Because it's crucial to wait until the point of maximum medical improvement, personal injury cases usually last at least two years from the time of the accident. Depending on what type of injury you have, cases can be completed longer or shorter, but it is usually smart to plan for a fight that will last several years. The legal process can be arduous during this time frame, but your goal should be focused on getting better. Let your attorney handle your legal issues.

#5 Your Lawyer Will Request No Upfront Money and Will Be Paid on a Contingency Fee Basis

New Jersey law allows that personal injury lawyers can handle cases on a contingency fee basis. Prior to your case settling, your attorney will request no upfront money in exchange for their services. Instead, when the case is settled, they will be entitled to a limited-portion of the settlement known as a contingency fee. During the case, your attorney will incur costs in handling your claim for a multitude of things, such as depositions or court fees. When your case is settled, they will also have the right to claim these costs in addition to their contingency fee. What is important to know, though, is that if your claim is denied, your attorney will not get paid for the time spent on your case. That's why personal injury lawyers will only take on a case if they truly believe a settlement is possible.

#4 You May Be Called to Give a Deposition Testimony

Deposition testimonies carry the same weight as if you were in front of a judge and jury, but are usually done in the setting of a law office of one of the attorneys involved in the case. They can be filmed by a videographer, but are not always done so. In giving a deposition, you must be truthful in your answers. You most likely will be queried about the nature of your accident, your medical history, and the injuries sustained by the defense attorney handling the case.

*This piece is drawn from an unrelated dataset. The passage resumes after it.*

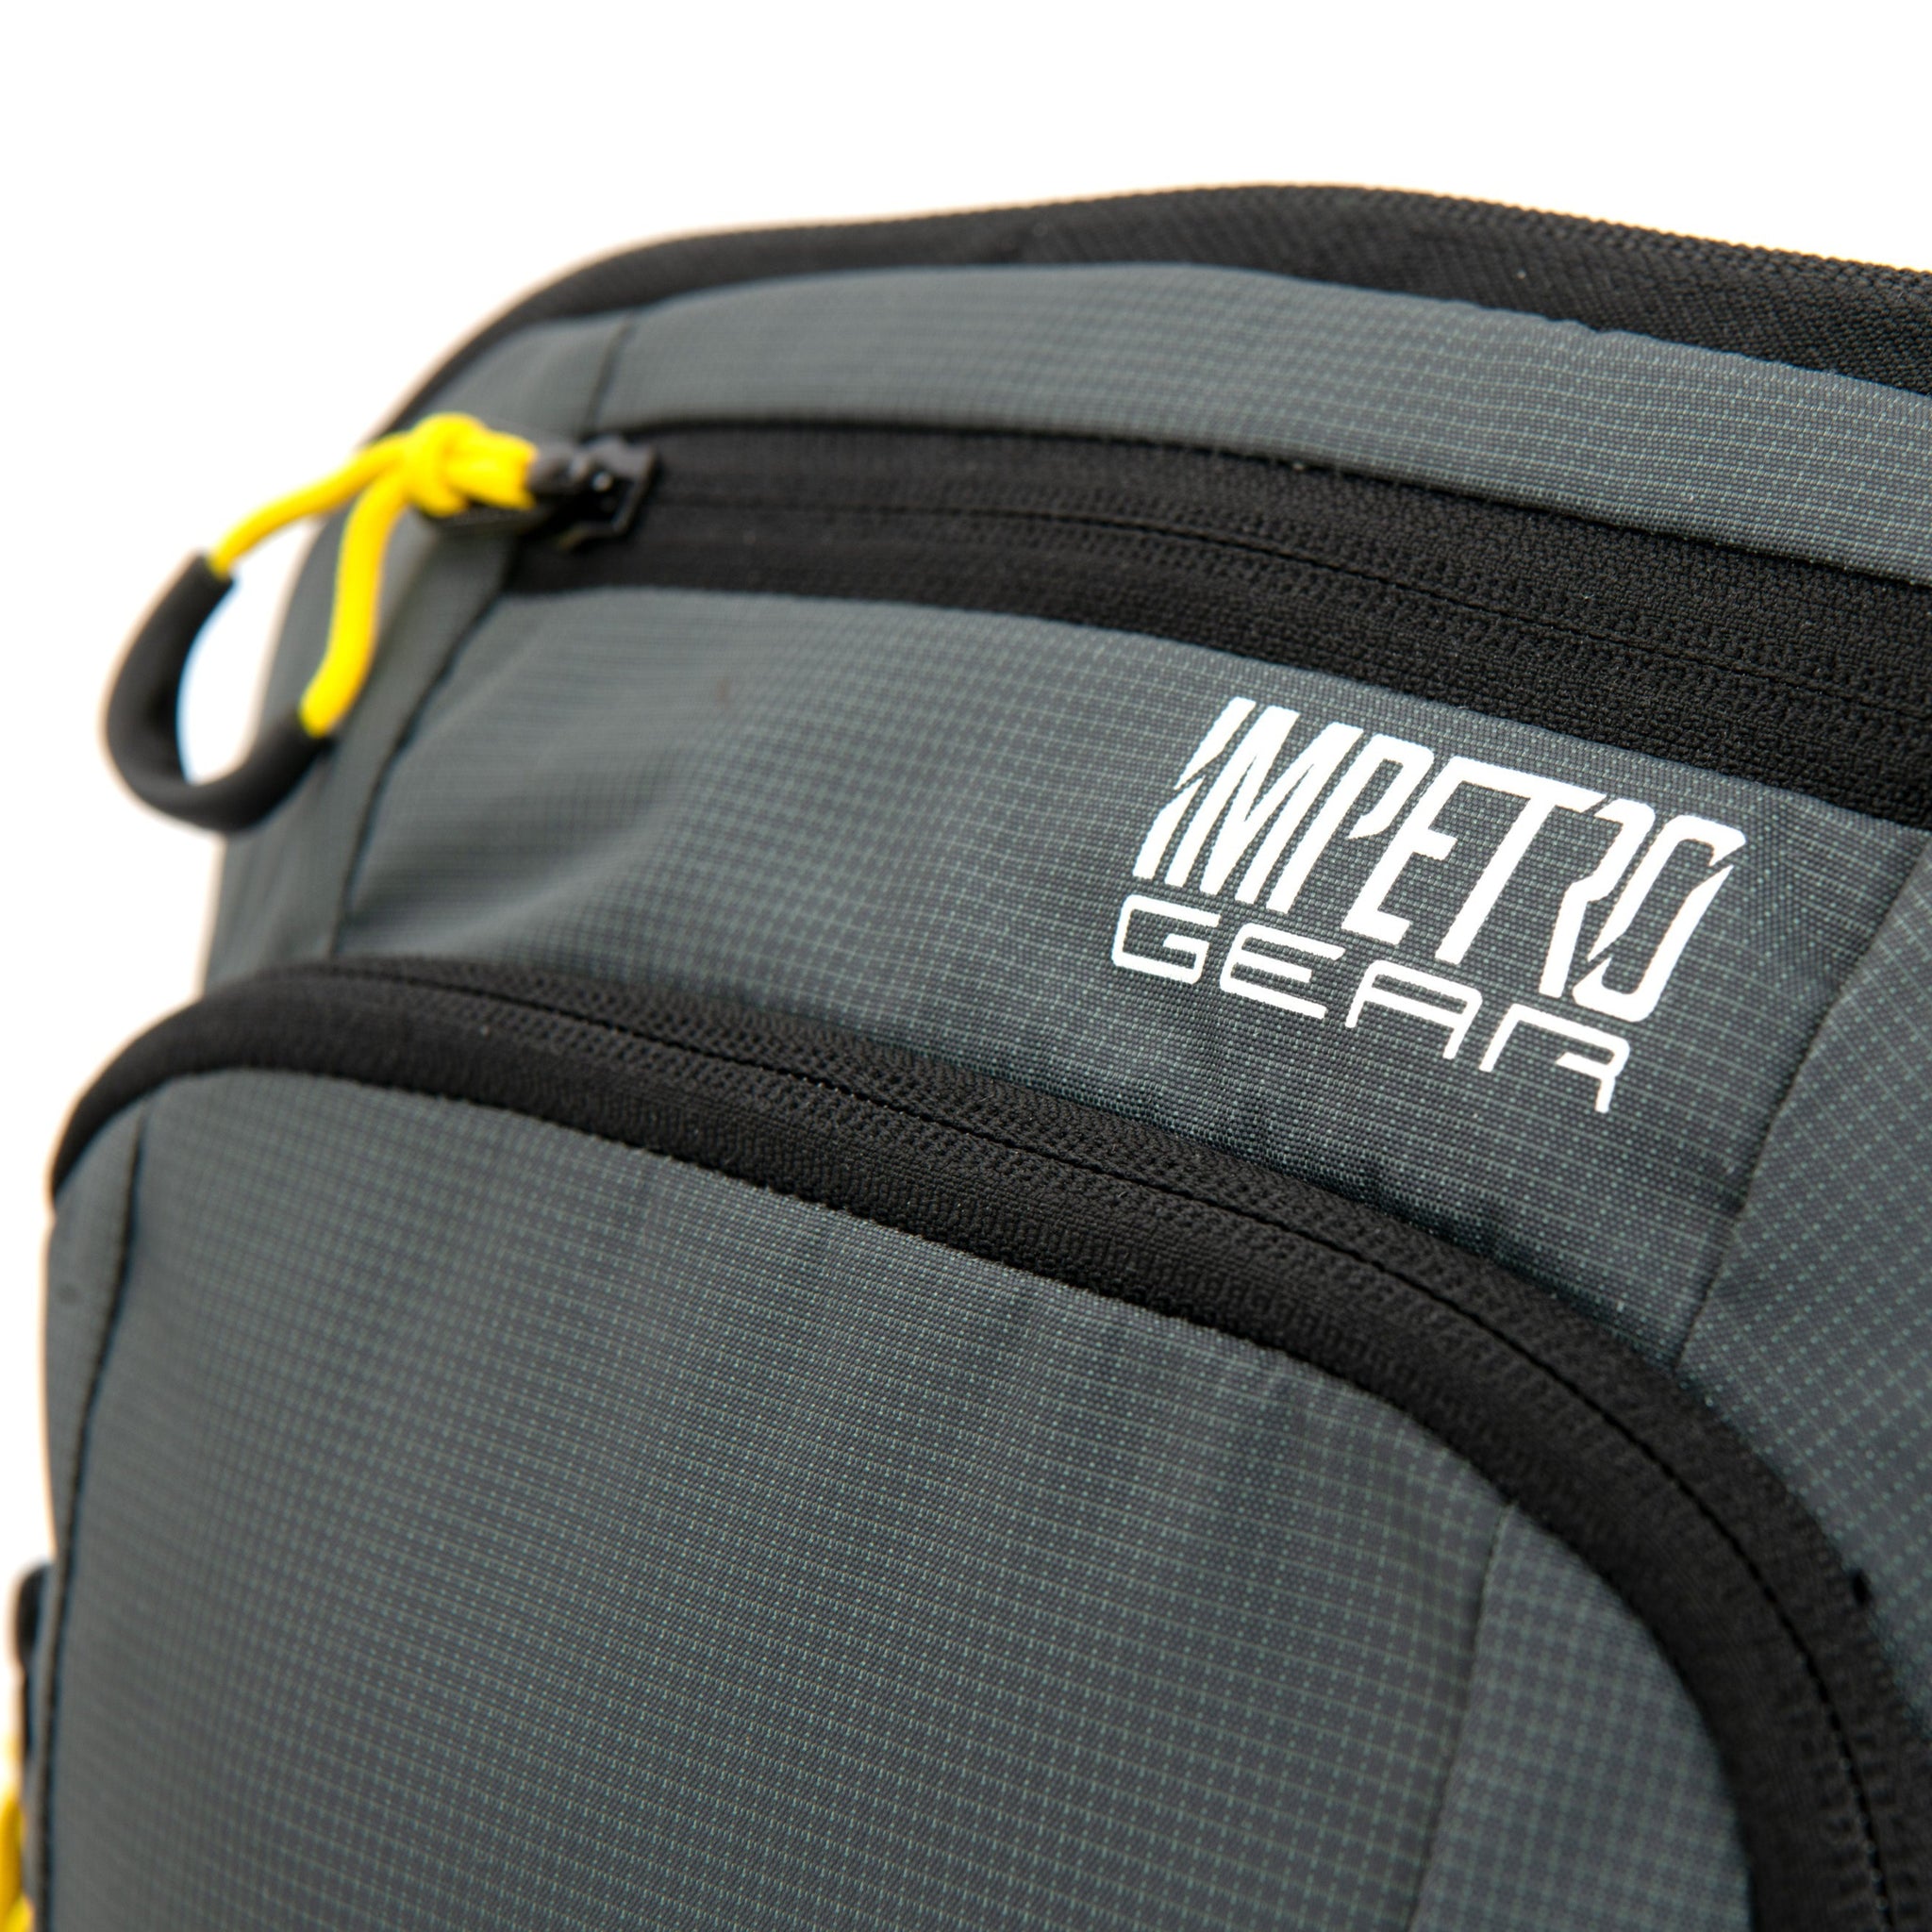 Impetro Gear Backpack Bike/Hike Combo

#3 Credit Agencies Will Target You With Upfront Cash in Exchange for a Piece of Your Settlement

There are many credit agencies out there who operate in the field of "legal finance", but what this really means is that they are willing to give you a paltry bit of upfront cash in exchange for a disproportionate percentage of your settlement. It can be difficult being injured and waiting a long time for your case to settle, and these companies prey upon people in such a situation. It's highly recommended, if you can, to stay away from companies like this.

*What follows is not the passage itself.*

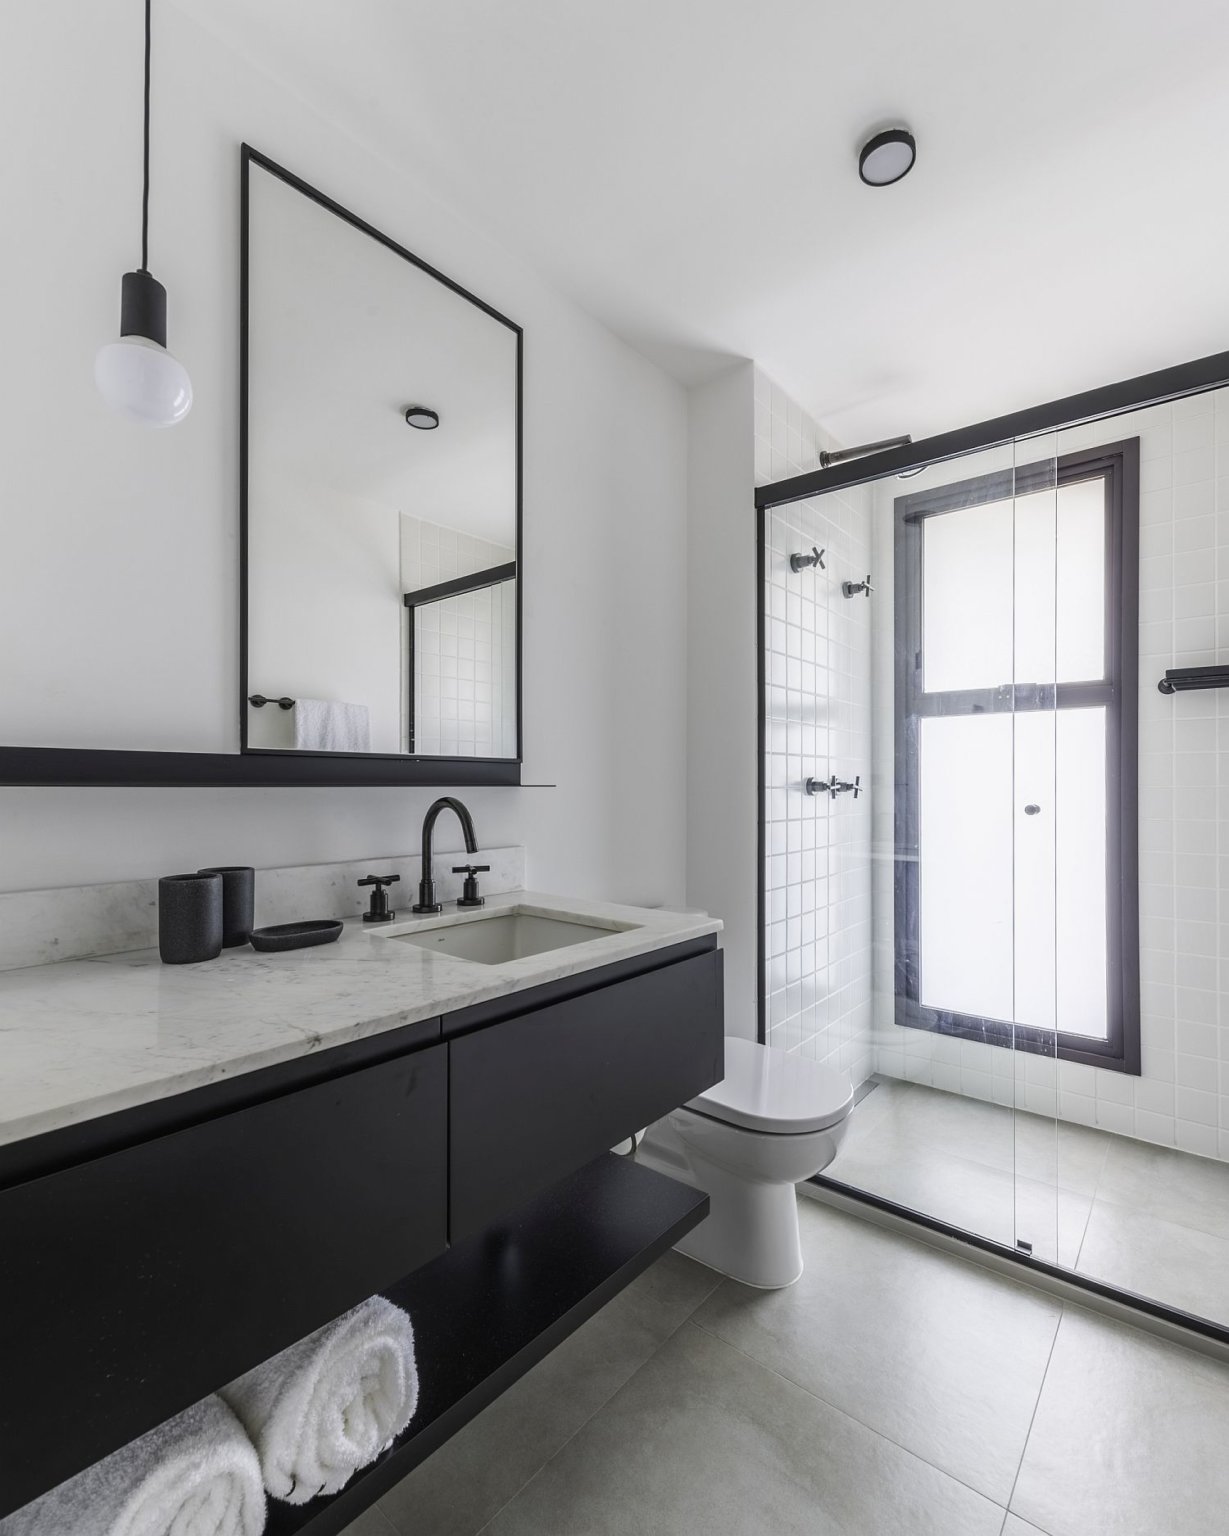 Hình ảnh phòng tắm tông màu đen - trắng với vách kính trong suốt trong căn hộ phong cách đương đại

#2 A Monetary Settlement Will Not Cure Your Injuries

A settlement is given to compensate the victim by the legal system, but it will not do anything to ease your pain or suffering. Physical, permanent injuries can be life-altering and traumatic. Receiving a monetary settlement may be helpful, but doing so will not magically bring you back to where you were before the injury. Many people still have issues after reaching their point of maximum medical improvement, and while the legal system can offer a monetary compensation, they will not solve your problems. While your care will have been paid for, the physical and emotional issues you have can last for life.

#1 There is Light at the End of the Tunnel

Being hurt can be a confusing, frustrating experience. But, it's good to remember that there is an outlet built into the legal system for people like you. A skilled personal injury lawyer can help get your medical care paid for and make sure that insurance keeps you covered. If you've been injured, try calling an attorney to see what your legal options may be.